Is a subfunctor of a representable functor also representable? I'm trying to learn about representable functors but I'm very new to this; even to categories...
Suppose $G:C^{op}\rightarrow Set$ is a representable functor - as I understand this means that there exists some object $c$ of $C$ such that $G$ and $Hom_{C}(\cdot,c)$ are naturally isomorphic.
According to this page https://ncatlab.org/nlab/show/subfunctor ,
"A subfunctor of a functor $G:C→D$ between categories $C$ and $D$ is a pair $(F,i)$ where $F:C→D$ is a functor and $i:F→G$ is a natural transformation such that its components $i_M:F(M)→G(M)$ are monic."
Question 1: If $G:C^{op}\rightarrow Set$ is representable and $(F,i)$ as above is a subfunctor of $G$, is it true that $F$ is also representable?
I did some research on internet but I couldn't figure out a direct answer to the previous question - so, as it is quite general, I suspect that the answer is NO - but I would like some references to read about it, with examples if possible...
Due to my suspect, I would like also to know if
Question 2: are there some "well-known" criteria (say if $C$ is the category of schemes) to tell whether it could be true for particular examples?
 A: Question 1. A typical example is the functor $\mathrm{Nil} : \mathbf{Ring} \to \mathbf{Set}$ of nilpotent elements in a ring. It is a subfunctor of the forgetful functor, which is represented by $\mathbb{Z}[T]$, but $\mathrm{Nil}$ is not representable: If $u$ is a universal element, then $u^n=0$ for some $n$, which would imply that every nilpotent $x$ in any ring would satisfy $x^n=0$, which is wrong. At least, $\mathrm{Nil}$ is ind-representable, since we have
$$\mathrm{Nil} \cong \varinjlim_n \mathrm{Hom}(\mathbb{Z}[T]/T^n,-).$$
Similarly, the functor $\mathrm{Tors} : \mathbf{Grp} \to \mathbf{Set}$ of torsion elements in groups is not representable, but it is ind-representable since
$$\mathrm{Tors} \cong \varinjlim_n \mathrm{Hom}(C_n,-).$$
Question 2. The following basic result is proved in EGA I. It can be used, for instance, to prove that fiber products of schemes exist. You can see it as a "gluing process guided by a functor".
Let $\mathbf{Sch}$ be the category of schemes (the statement works just as well for ringed spaces, locally ringed spaces, manifolds etc.). A functor $F : \mathbf{Sch}^{\mathrm{op}} \to \mathbf{Set}$ is represesentable if and only if the following two conditions hold:

*

*$F$ is a sheaf: For every open covering $U = \bigcup_i U_i$ of a scheme $U$ the diagram $F(U) \to \prod_i F(U_i) \rightrightarrows \prod_{i,j} F(U_i \cap U_j)$ is exact.

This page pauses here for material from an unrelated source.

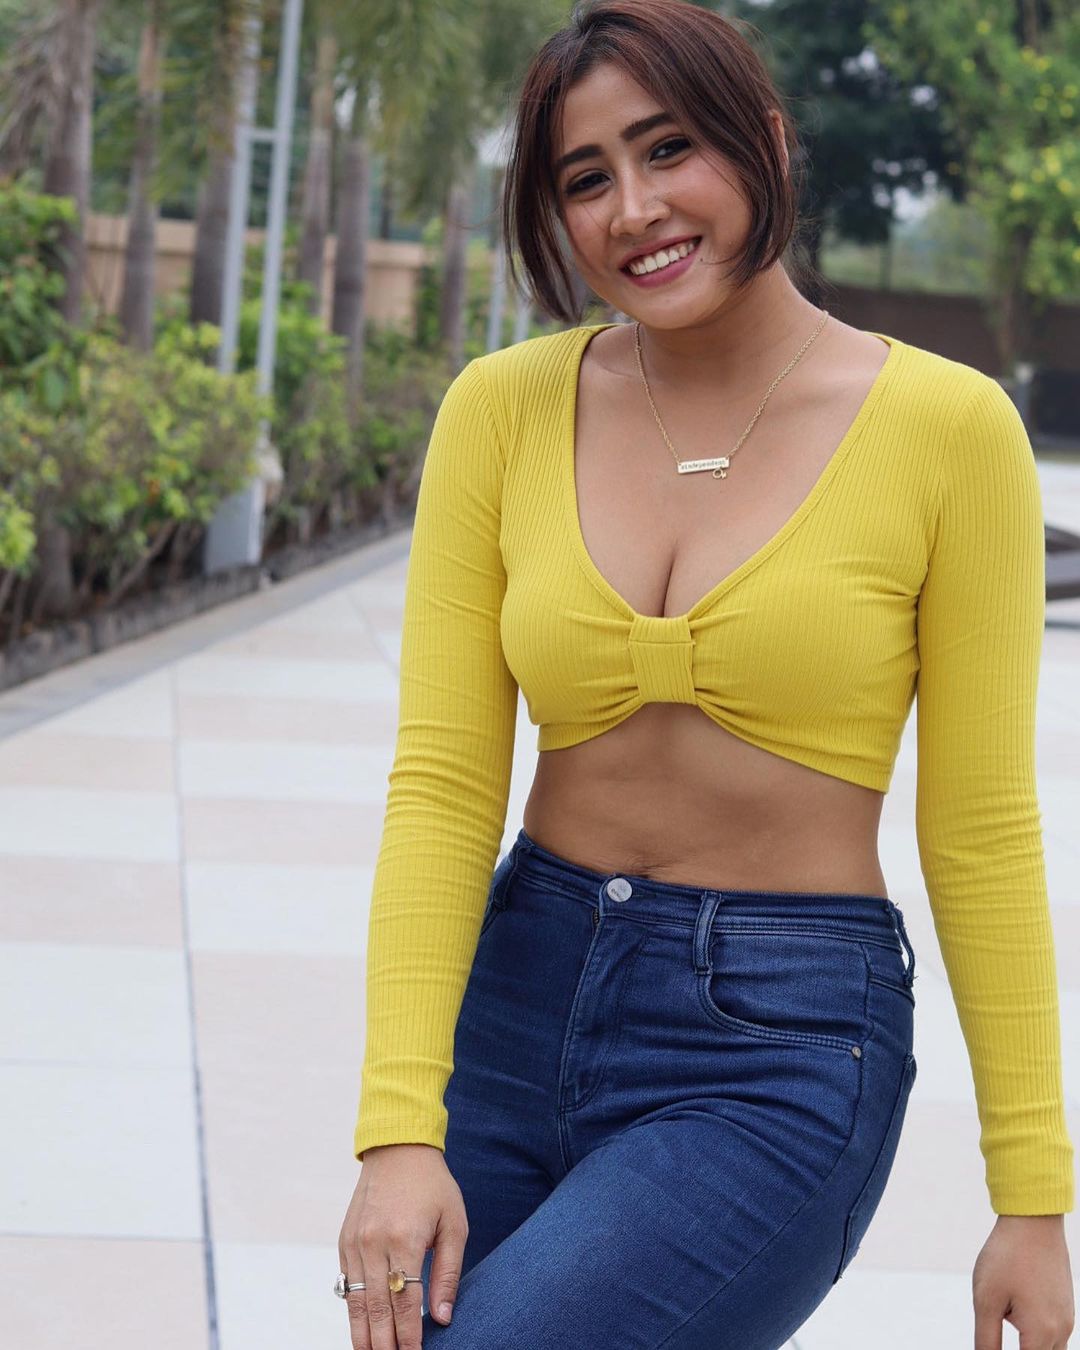 Sofia Ansari in Yellow Top and Blue Jeans

*$F$ has an open covering by representable functors.

Here, a subfunctor $G \subseteq F$ is called open when for every scheme $X$ and every element $a \in F(X)$, thus corresponding to a morphism $a : \mathrm{Hom}(-,X) \to F$, the pullback $G \times_F \mathrm{Hom}(-,X) \to \mathrm{Hom}(-,X)$ is isomorphic to $\mathrm{Hom}(-,U) \to \mathrm{Hom}(-,X)$ for some open subscheme $U \subseteq X$. Also, a family of subfunctors $G_i \subseteq F$ covers $F$ when for every scheme $X$ which is the spectrum of a field (not for any scheme!), we have $\bigcup_i G_i(X) = F(X)$.
A: Here is my answer to your first question. Consider the non trivial category $\mathcal{C}=\{0\circlearrowleft\circlearrowleft\},$ where $0$ has a non-identity morphism $f$ (of order $2$) to itself.
Now consider the representable functor $G:\mathcal{C}^{\text{op}}\to\mathbf{Set}$ given by $G(x)=\operatorname{hom}_{\mathcal{C}}(x, 0).$ This has exactly one proper sub-functor, the empty functor, and it is clearly not representable.
Added: The full description of $G$ is

*

*$0\mapsto \{\operatorname{id}_0, f\}$

*$\operatorname{id}_0\mapsto\operatorname{id}_{\{\operatorname{id}_0, f\}}$

*$f\mapsto f_*=(\operatorname{id}_0\mapsto f, f\mapsto \operatorname{id}_0)$
and the only proper sub-functor that can make a naturally square is the empty functor.
A: If you consider $\mathbb Q$ as a poset and thus also naturally a category we can consider the functor category $[\mathbb Q, \textbf{Set}]$.
The set of subfunctors of a representable functor $\text{Hom}(q,-)$ are in bijection with the set $\{r \in \mathbb R \cup \{\infty \}:r \geq q \}$
(this is essentially the statement that every set bounded from above in $\mathbb R$ has a least upper bound)
which is clearly strictly bigger than the set of representable subfunctors of $Hom(q,-)$ which is in bijection with $\{ p \in \mathbb Q \cup \{ \infty \}: p \geq q \}$.